Sunday 30 September 2012

The Beauty Room - The Beauty Room II



Narcissistic

The music on this album is often so pretty that it must look at itself in utter adulation. It already holds up a mirror to the harmony and string sounds of the 60s and 70s, with various reviews citing influences like Brian Wilson, CSN&Y [well, you have to if there’s harmony], and The Doobie Brothers, but I’ve also caught shimmering reflections of Yes, Steely Dan and Freedy Johnson as well as Police/just Sting at their/his harmonising best, or not if you are a devotee of Police’s punkier roots – or if you just detest them/him.

It’s not wall-to-wall perfection, and at times the sweeping strings are far too lounge-lite and limp, this latter alliterative adjective also apt in describing many of the lyrics: the dreadful repetition of ‘open up the sky’ on One Man Show, and the direness of But For Now, ‘you draw me in, I breathe you out again, you shut the door to let the journey begin, time disappearing through a moment in your eye, dreams reoccurring as visions multiply, cause yesterday was the loneliest place, and fear has drawn out these lines on my face...’ and one suspects the loneliness has been created by the fleeing subject of the song’s lamenting intentions. Sorry, I meant lamentable.

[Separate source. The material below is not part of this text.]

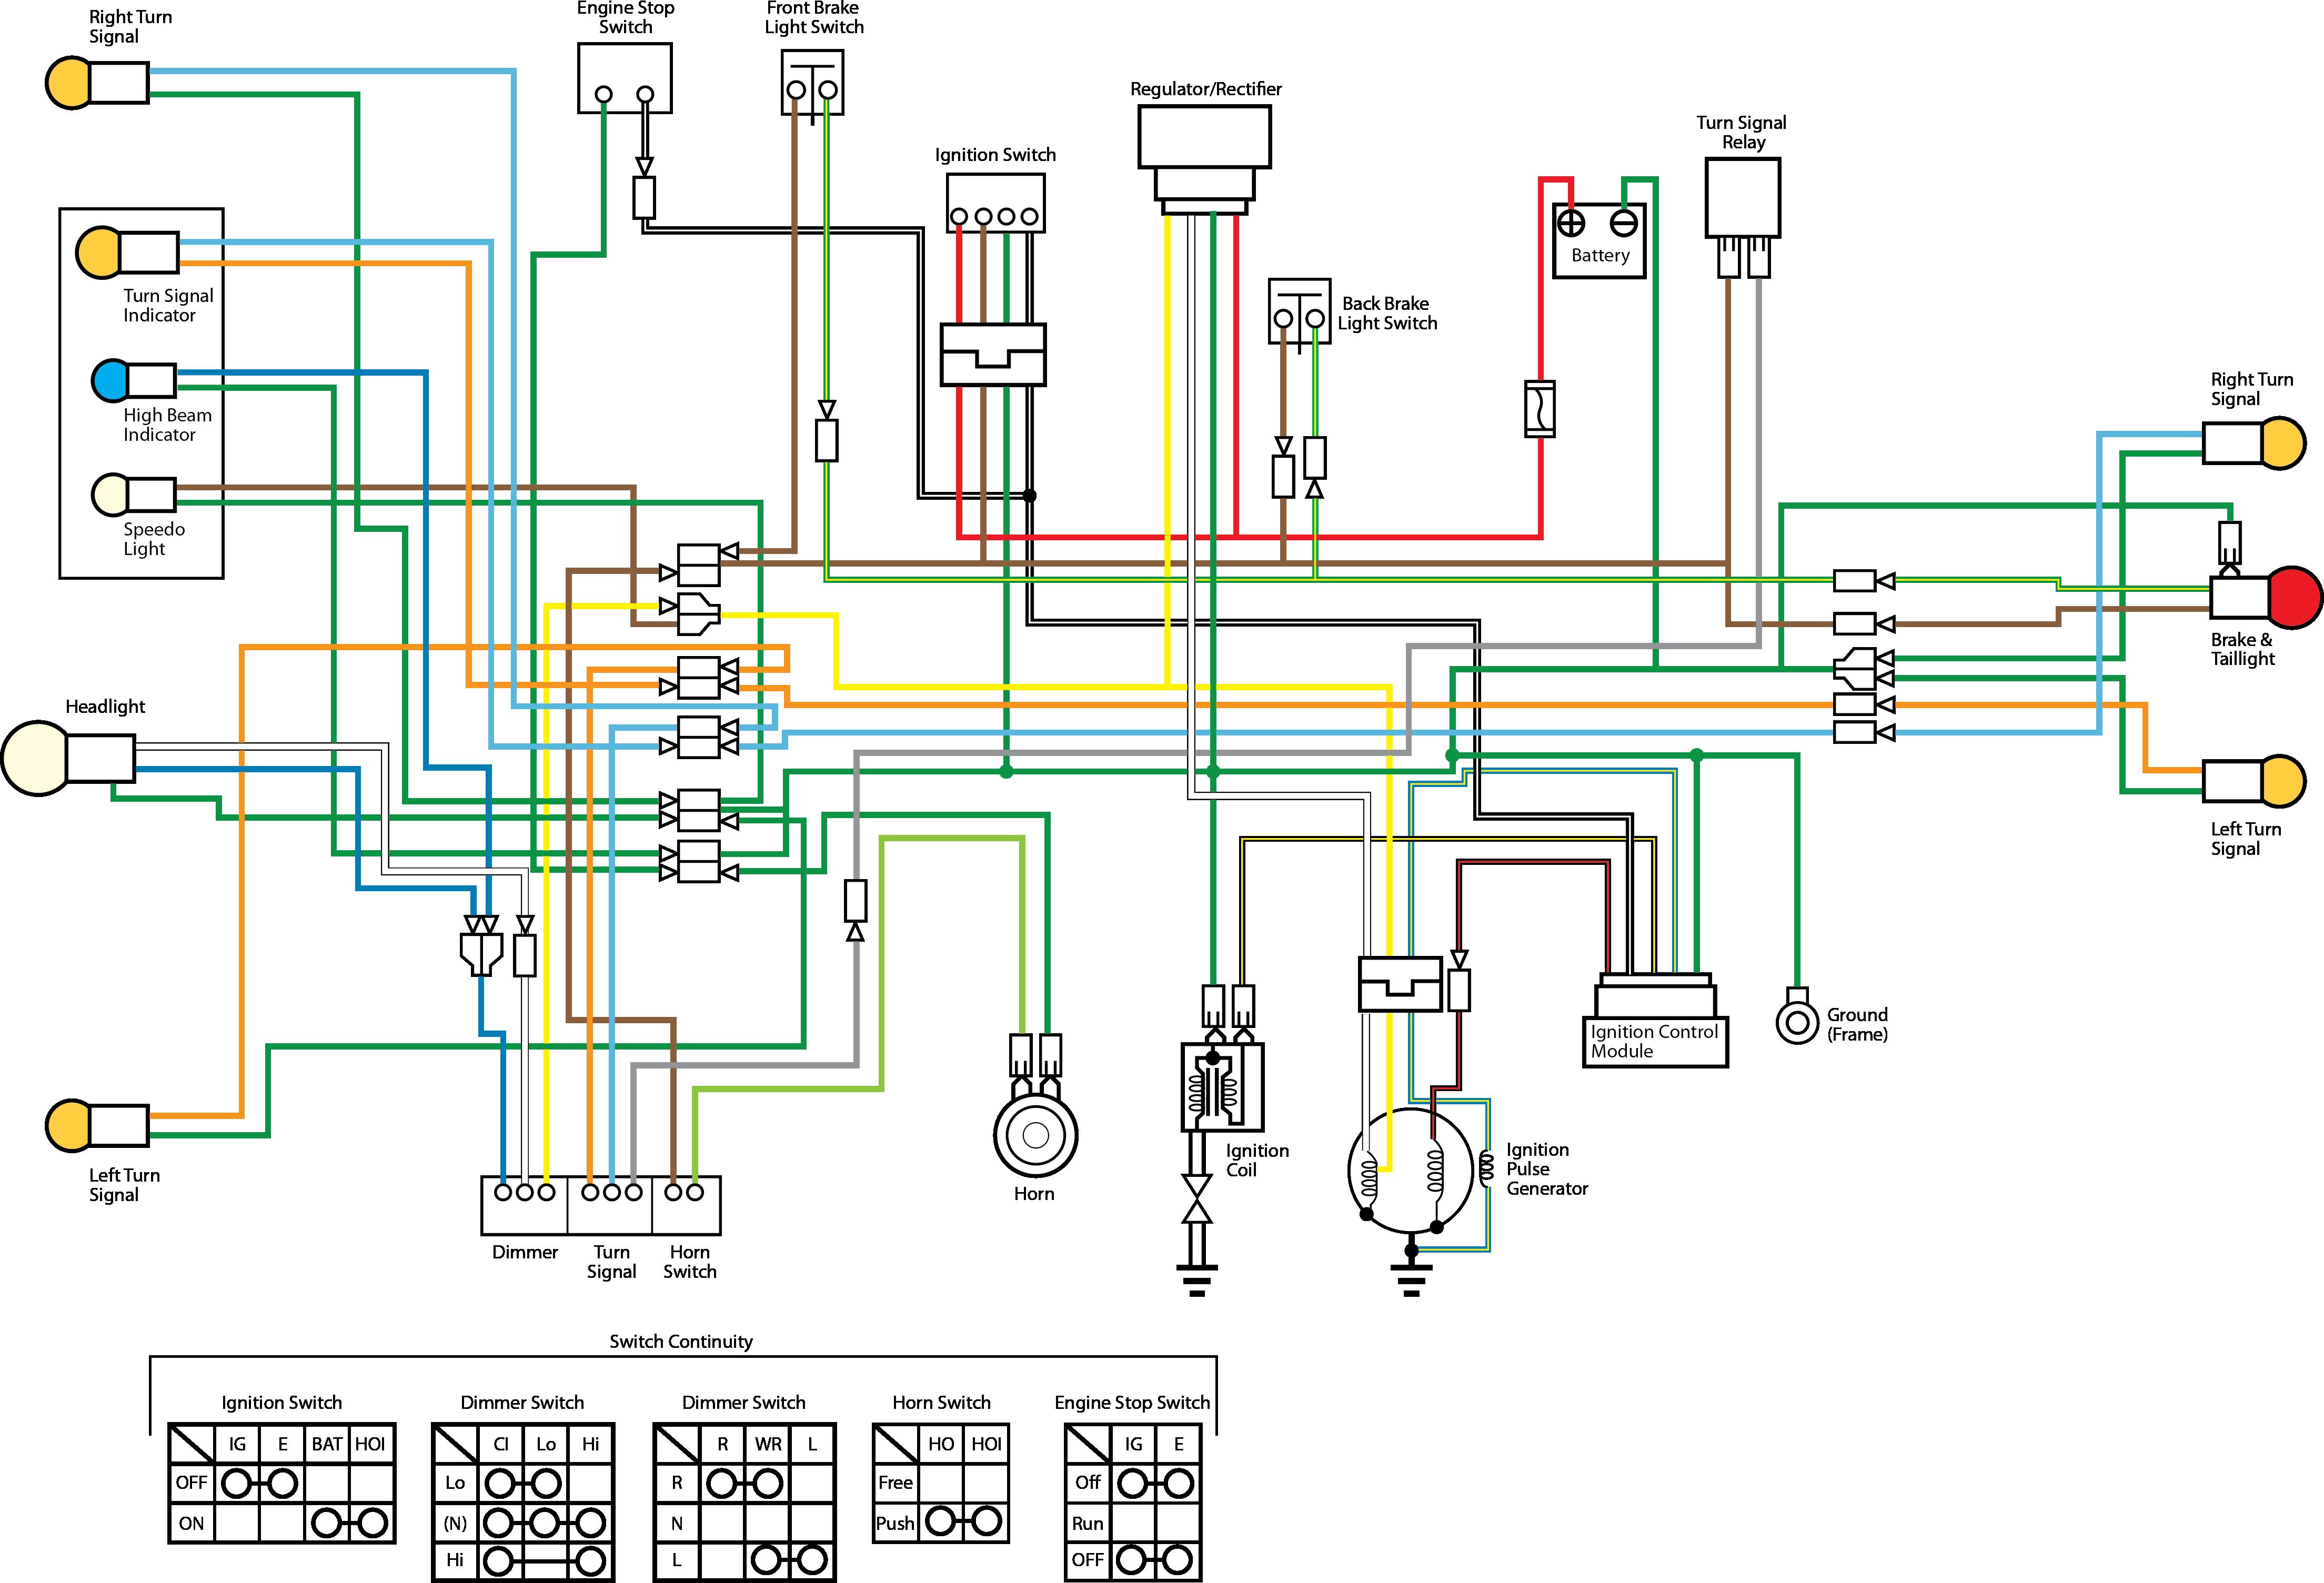 The Best 20 Create Wiring Diagram Online Samples Electrical Wiring Diagram Electrical Diagram Motorcycle Wiring

Contrast this with the sublime We Can’t Throw You Away that starts the album: harmonies as taut as the rope one wants to put around the writing of the former referenced offering. Second Shadows Falling suggests the beauty will be sustained, this more in the Sting vein so it is a relative claim, but I like that sound when listening to this kind of music. I warm to third All In My Head, sounding a little like Zero 7’s Destiny – indeed, all the bass lines have that grooved-out sound, thanks to producer Kirk Deglorgio - and the vocal of Jinadu is full of clarity in tone and pitch, its multi-dubbing providing the harmonies.

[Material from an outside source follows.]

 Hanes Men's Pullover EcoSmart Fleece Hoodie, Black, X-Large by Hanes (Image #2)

Penultimate track Heaven Is In Your Mind doesn’t achieve a dynamic realisation of the profound literalism of its title, and the simple descending melody isn’t made any greater by those jaunty string arrangements or the attempt at a rousing chorus. I do find it difficult to understand the poles of quality and focus on this album. It does end, naturally, on a sweetly smooth and pretty, relative height with No Rejection, and as I weigh the pros and cons I too will avoid the aural rebuff, but I will be very selective when listening again.